I have emerged from a cinema, having watched Wuthering Heights, and I am completely dry-eyed. Nor have I felt even the faintest erotic stirrings, even though, old as I am, I normally do find myself fancying the heroines of enjoyable films. Emerald Fennell tells us, with the opening credits, that this is only a version ‘based on Wuthering Heights by Emily Bronte’. So, is my dry-eyed reaction my fault, Emerald’s fault, or Emily Bronte’s fault? Have I reached an age which I never thought to attain - the age when you are just too old for a Bronte tear-jerker? How far has the director ‘based’ her picture on a favourite old novel which we all know by heart, and how far has she totally misunderstood why, nearly two hundred years after it was written , we still can’t completely stop reading it

?

Every time I read Wuthering Heights, the feelings I had when I first read it, aged twelve, come back to me. At the time, I was troubled to be so deeply absorbed in what was obviously… well, when a boy at my school saw me reading it, rather than an adventure by G.A.Henty, he had asked, disgustedly, ‘Isn’t that a girls’ book?’

Now, of course, decades later, I kid myself that my reactions are more sophisticated: is this novel just an early example of Chick-Lit ? Or a supreme masterpiece of Romanticism?

But each time, there are these two things going on. The first, is my thinking that it is the sort of absolute tosh which a serious-minded reader should not be reading; and the second phenomenon is that I can’t stop reading the bally thing until I have finished. Also, very annoyingly, I find it makes me blub in all the right places, none more so - SPOILER ALERT EVERYONE - when we go down to the little chapel graveyard and find Heathcliff’s grave.
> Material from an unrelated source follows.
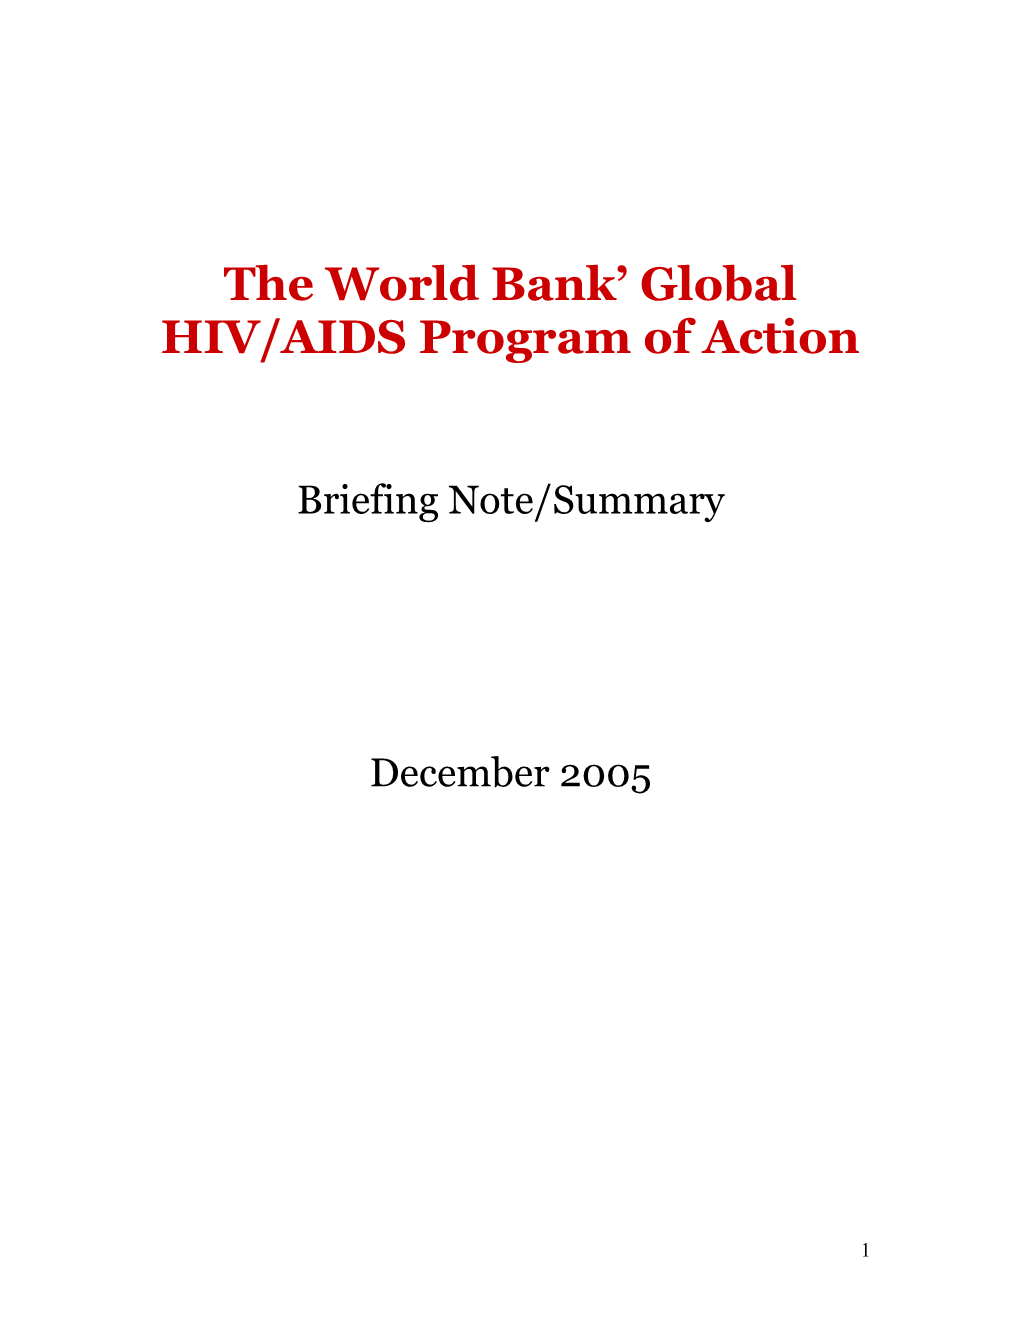 The HIV/AIDS in Africa: Implications for Development

Some years after I’d finished it for the first time, and gone for a weepy walk on the Malvern Hills, wishing the weather would Wuther a bit more and blow my wispy hair in the howling storm, and wondering what it was which was so good about the book, and thinking that my feelings about the Art Mistress at my private school rather closely resembled Heathcliff’s for Cathy, when I saw some of the TV and film versions. And then I thought I’d solved my own questions. It had never been a novel at all. That is why it is so powerful .It had always been a ‘treatment’ awaiting its transformation into a film script.

I think this is half true. So, it makes me all the more puzzled that Emerald Fennell, writer and director of the newest Wuthering Heights, has chosen to adapt the novel in this particular way. Before the credits, we had the 15 Years or older warning, and the inviting prospect of lots of sex. It placed me immediately on my guard, since what Emerald Fennell means by lots of sex, and what Emily Bronte meant is, I suspect very very different. And I know that, if there is a division over this matter, I’m going to be siding with the wild and passionate vicar’s daughter from Yorkshire. And the 15-year old warning is in this case the wrong way round. Maybe you need to be OVER 15 to watch Margot Robbie writhing around with a really dull fellow called Jacob Elordi - sadly, Heathcliff he is NOT, Byronic gypsy he is not, interesting he is not…but, more importantly, you need to be (mentally at least ) UNDER 15 to be in Emily Bronte’s emotional wavelength.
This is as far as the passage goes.